В два первых послевоенных года советское превосходство базировалось в основном на системе НКВД. Генерал-полковник Иван Серов, правая рука Лаврентия Берия, который стал широко известным как мастер массовых депортаций, прибыл в Берлин для организации службы внутренней безопасности в советской зоне. Вместе с ним в качестве политического советника приехали Владимир Семёнов, который на самом деле был представителем Политбюро, имевшим прямой выход на Георгия Маленкова в Кремле, и полковник Тюльпанов, шеф отдела информации.
Официальным руководителем аппарата НКВД в Восточной Германии был утвержден генерал-майор Мельников. Советская зона была разбита на области, в каждой из которых было основано агентство НКВД. Область делилась на более мелкие районы с "оперативной группой" НКВД в каждом из них. Главной задачей этого большого аппарата была денацификация. Другие обязанности состояли в генеральной проверке партий, профсоюзов, их лидеров, в советизации организаций, расположенных в зоне, и, наконец, в сборе информации с Запада - то есть в шпионаже в самом прямом смысле этого слова.
Во время первой послевоенной фазы (1945–1947 годы) интенсивную деятельность, напоминающую по содержанию разведку, вели так называемые "технические комиссии", которые в военной униформе свободно разъезжали по Германии. Их задачей было выявить все технические достижения Германии и Запада вообще. Именно в этот период ТАСС и его корреспонденты начали использоваться в Германии в качестве прикрытия для шпионской деятельности.

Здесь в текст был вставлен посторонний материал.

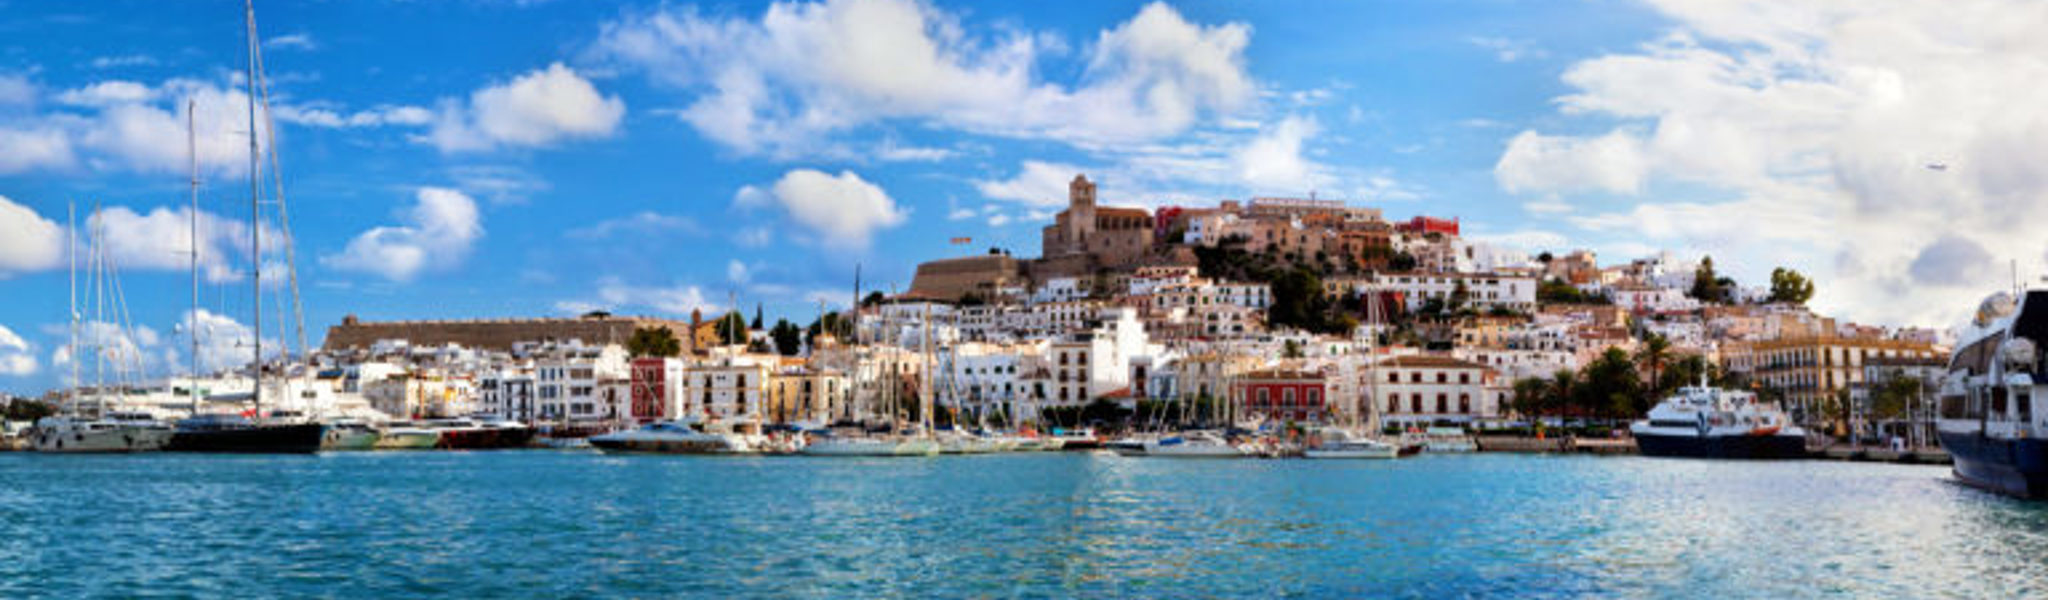 El casco antiguo de Ibiza: una breve historia

Операции по репатриации советских военнопленных тоже стали средством сбора обильной информации. Руководители органов репатриационной сети под началом генерала Драгуна поддерживали связь по коротковолновому радио и при помощи курьеров со всеми "миссиями" в центральной Европе, а также в Париже и Брюсселе. Разведывательные достижения этой сети, особенно в части информации об американских, британских и французских войсках в Европе, нельзя было назвать несущественными. Москва приказала им оставаться там, где они были, как можно дольше и продолжать их работу в западной зоне до последней возможности. Но в 1945–1949 гг. репатриационные операции были закончены, и комиссии возвратились домой.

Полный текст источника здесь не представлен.